Here is my code, which is really simple…
import ray
ray.init()
@ray.remote
def f(x):
return x * x
futures = [f.remote(i) for i in range(4)]
print(ray.get(futures)) # [0, 1, 4, 9]
I tried to run python test.py
on the allocated node but it failed… Can anyone kindly help?
It just stuck at:
2025-01-26 02:10:34,453 INFO worker.py:1841 -- Started a local Ray instance.
E0126 02:10:37.663225099 1169908 thd.cc:157] pthread_create failed: Resource temporarily unavailable
Thanks for any help in advance!
Hi there!
It seems like you might be running into some resource allocation issues in Slurm. Here’s a few things you might wanna try out.
- Set OMP_NUM_THREADS: If you are using libraries that utilize OpenMP (such as NumPy or SciPy), set the environment variable
OMP_NUM_THREADS=1
before running your script. This limits the number of threads used by these libraries. Read more about it here: Install RLlib for Development — Ray 2.41.0
- Increase Slurm Resources: Ensure that your Slurm job is requesting enough resources (CPUs, memory) to handle the workload. You might need to adjust your Slurm script to request more resources.
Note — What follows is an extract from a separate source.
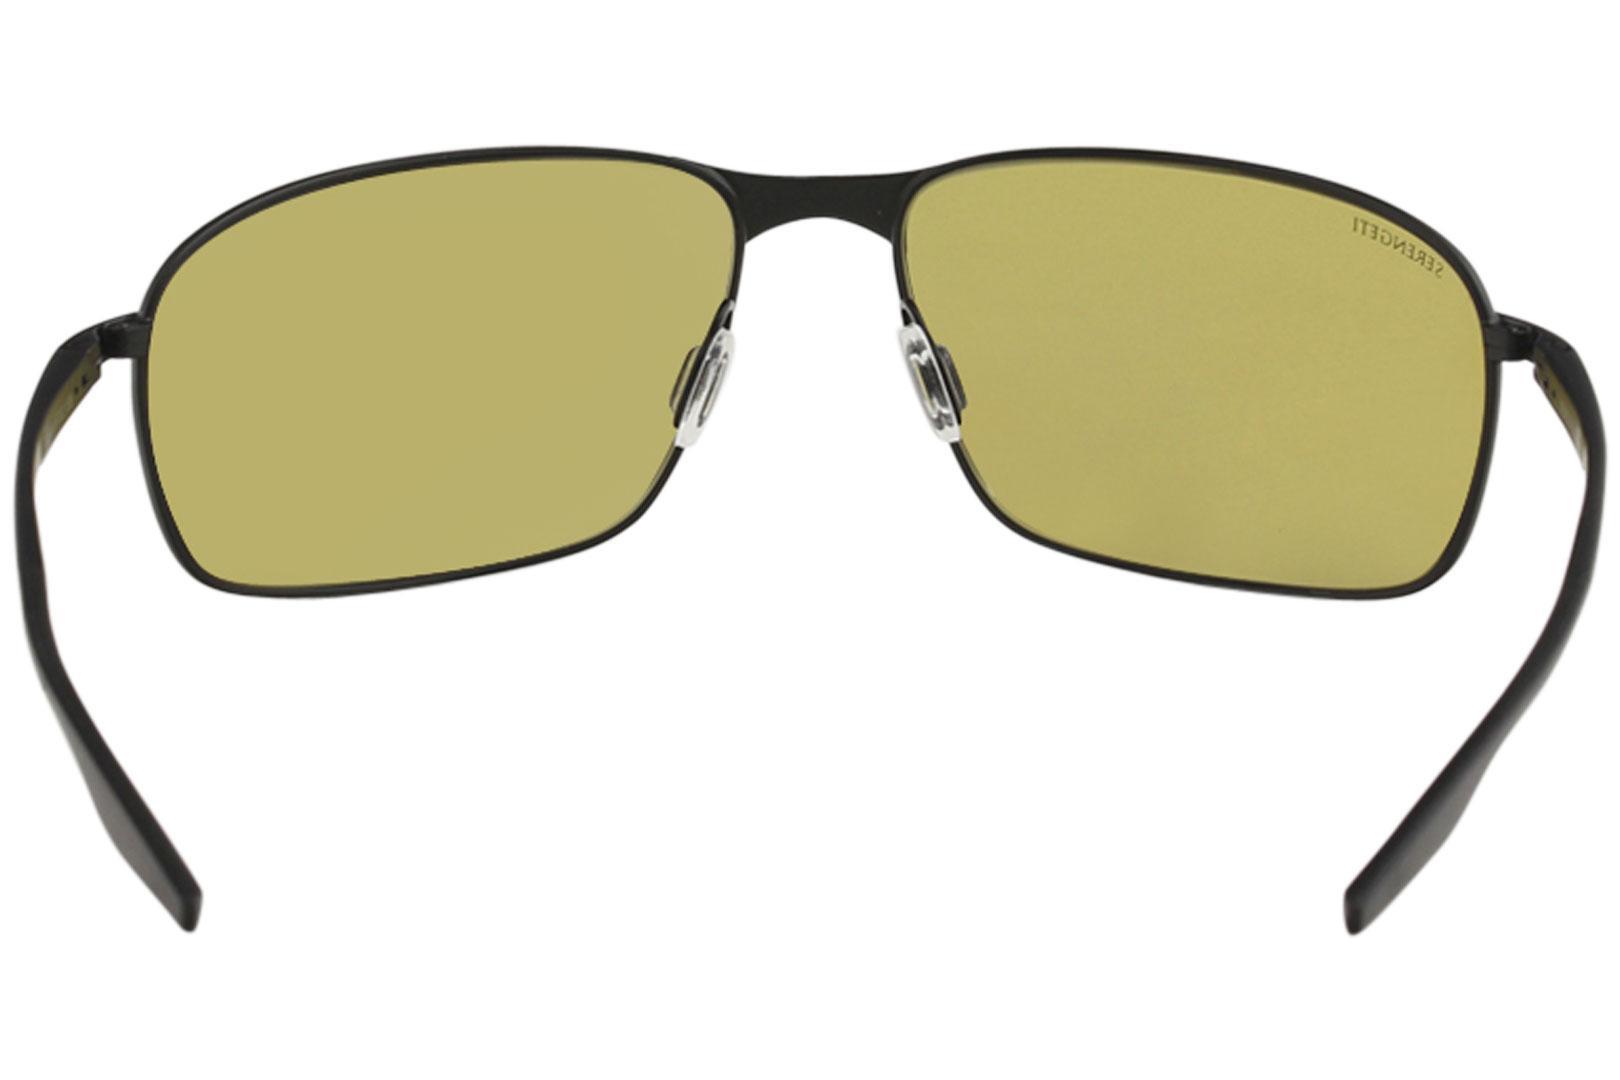 50f9222b4ae1 Serengeti Men s Varese Fashion Rectangle Sunglasses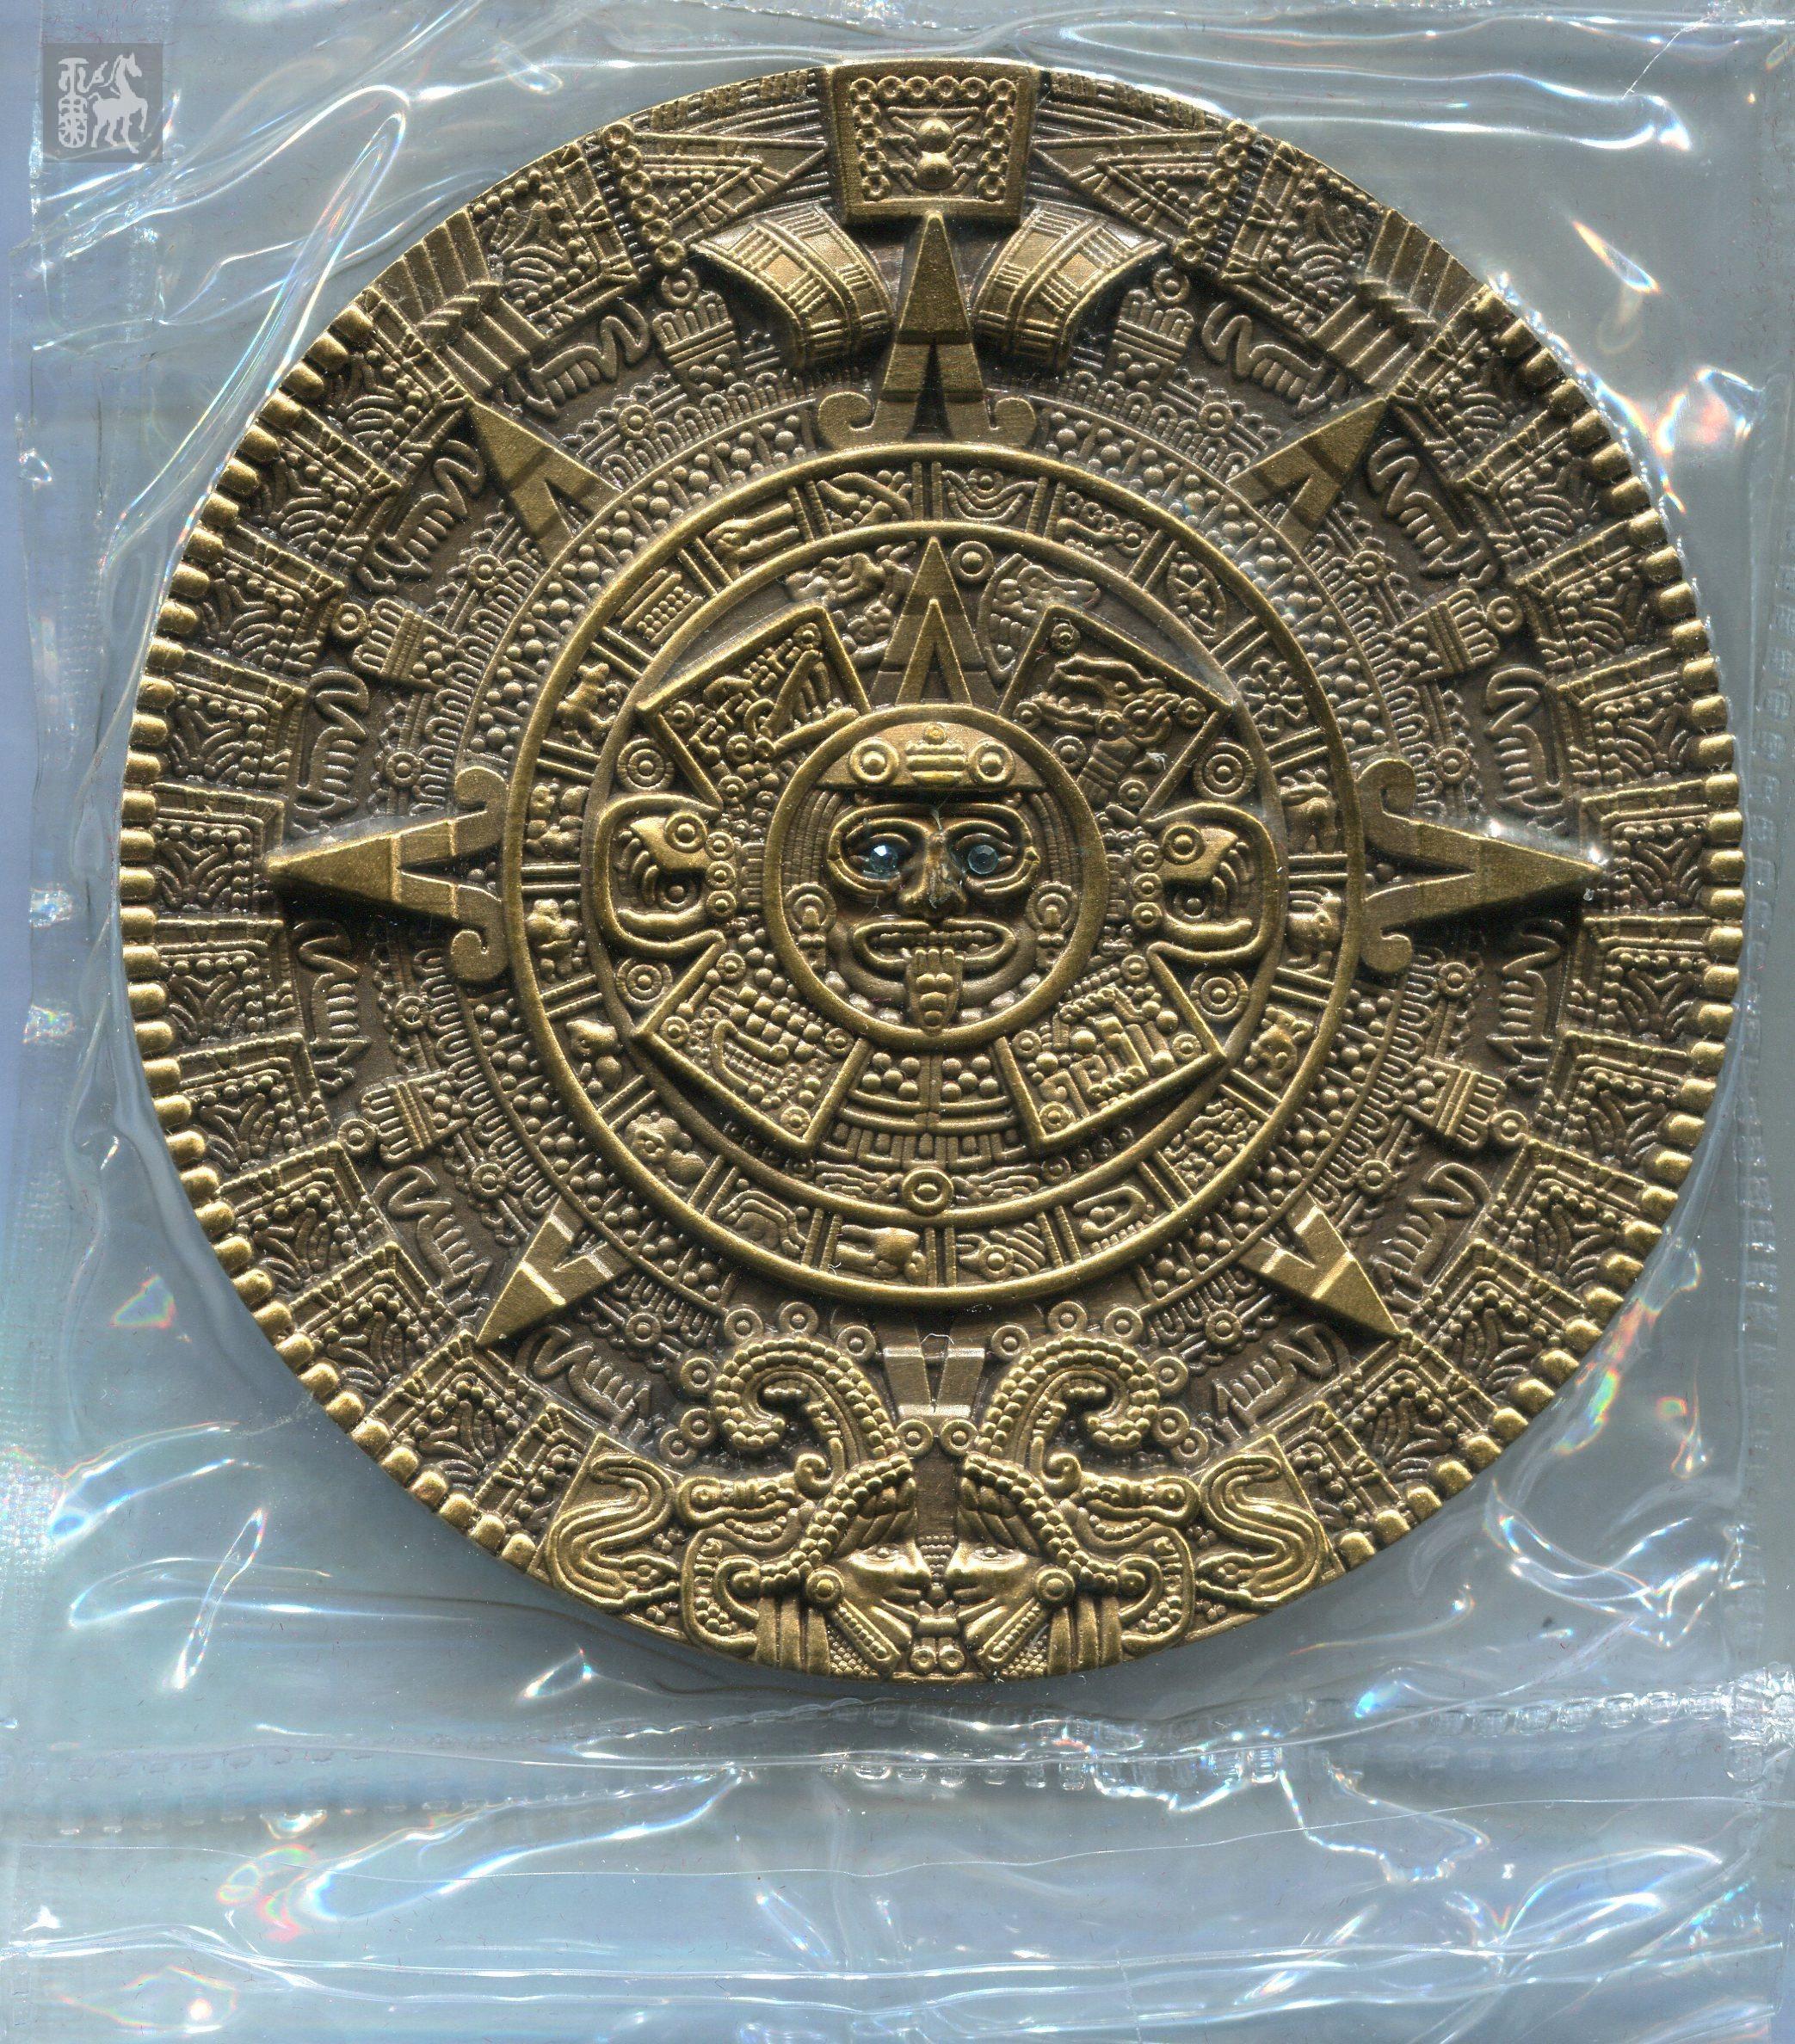 2012年铜訫缘发行消失的文明 玛雅文明黄铜大铜章一枚 直径高清图片

What is the current resources you have in Slurm? (Here’s some docs you can read too: Debugging Memory Issues — Ray 2.41.0)
- Try running some of the Ray debugging tools, like
ray memory
or ray stack
to see if there’s any other errors running.
Just from what you described though my guess is that there might not be enough resources allocated so let me know what you find out after adjusting some settings!
Christina